ESCONDIDO – The San Diego Zoo Safari Park is offering free admission to all active firefighters through the month of September as part of their Firefighter Appreciation Month to honor the hard work and sacrifice of firefighters everywhere.
Anyone who presents their active firefighter identification card with a photo along with their personal ID will receive free admission. Up to six accompanying family members or friends can get 10 percent off the purchase of a 1-Day Pass, as well.
California’s firefighters have been battling dozens of wildfires in recent weeks that have burned through hundreds of thousands of acres and are still only minimally contained. The park says that these heroes and their families have been extremely grateful to be celebrated in this way.
“Firefighters are true heroes, and we are thrilled to be able to provide free admission to these hard-working professionals,” said Lisa Peterson, director of the San Diego Zoo Safari Park. “It’s no question that firefighters run toward the danger that many others run from—with tremendous risk to their own lives. For that courage, we are grateful.”

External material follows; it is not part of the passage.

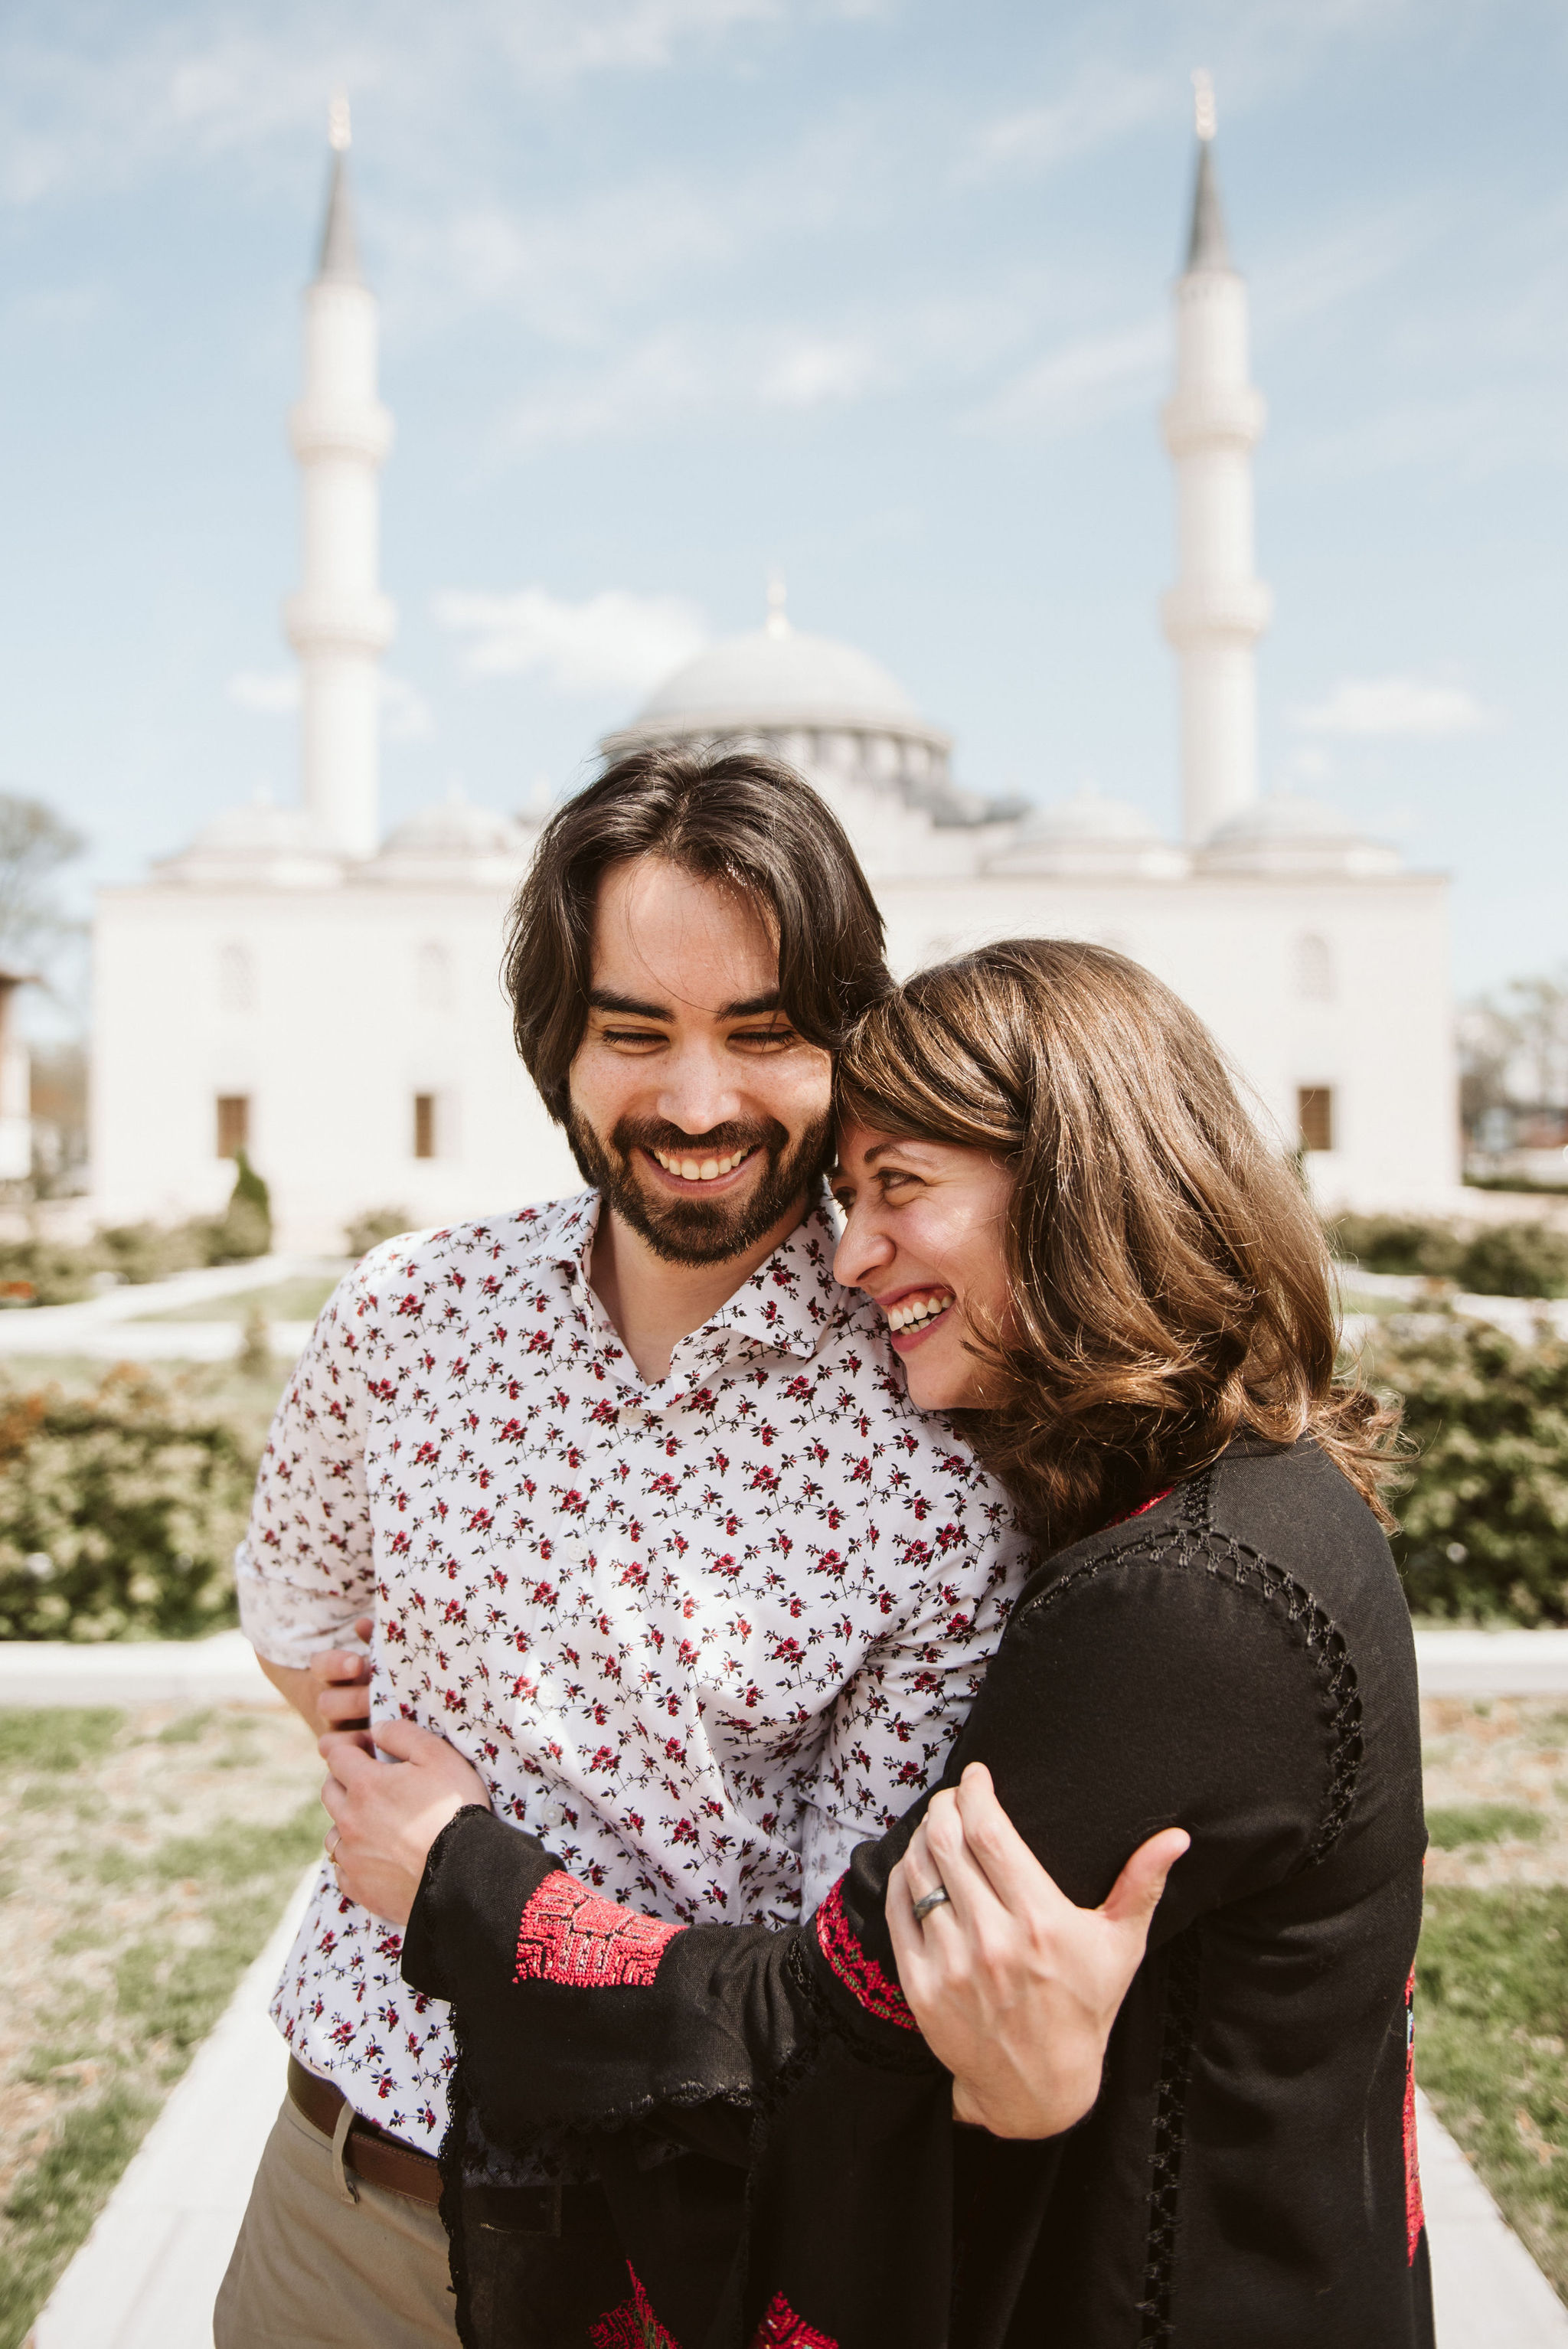  Washington DC, Baltimore Wedding Photographer, Diyanet Center of America, Spring, Intimate Wedding, Traditional, Classic, Palestinian, Turkish Design, Bride and groom Laughing Together After Ceremony, Just Married

Gov. Gavin Newsom and other officials met with President Donald Trump on Monday in Sacramento to ask for federal help with California’s wildfires as well as to discuss the impacts of climate change on the state’s ability to manage the fires.
President Trump refused to acknowledge that climate change had a role in the fires that continue to burn across the country.
San Diego Zoo Global, on the other hand, maintains that climate change, habitat loss and invasive plant species have created situations where fires are occurring much more frequently and with higher intensity.
“This year’s fire season is only beginning; but so far, we’re seeing that it will be one of the worse in our state’s history,” said Shawn Dixon, chief operating officer for San Diego Zoo Global. “Added to the destruction of property and the loss of human life, wildfires occurring repeatedly in the same locations are displacing native wildlife and altering fragile habitats that could take decades to repair. It’s more important now than ever that we support those protecting us on the front lines.”
Along with their support of local firefighters, the organization also supports more than 140 conservation projects in Southern California and worldwide to monitor native habitats, help replant habitats and to relocate vulnerable species.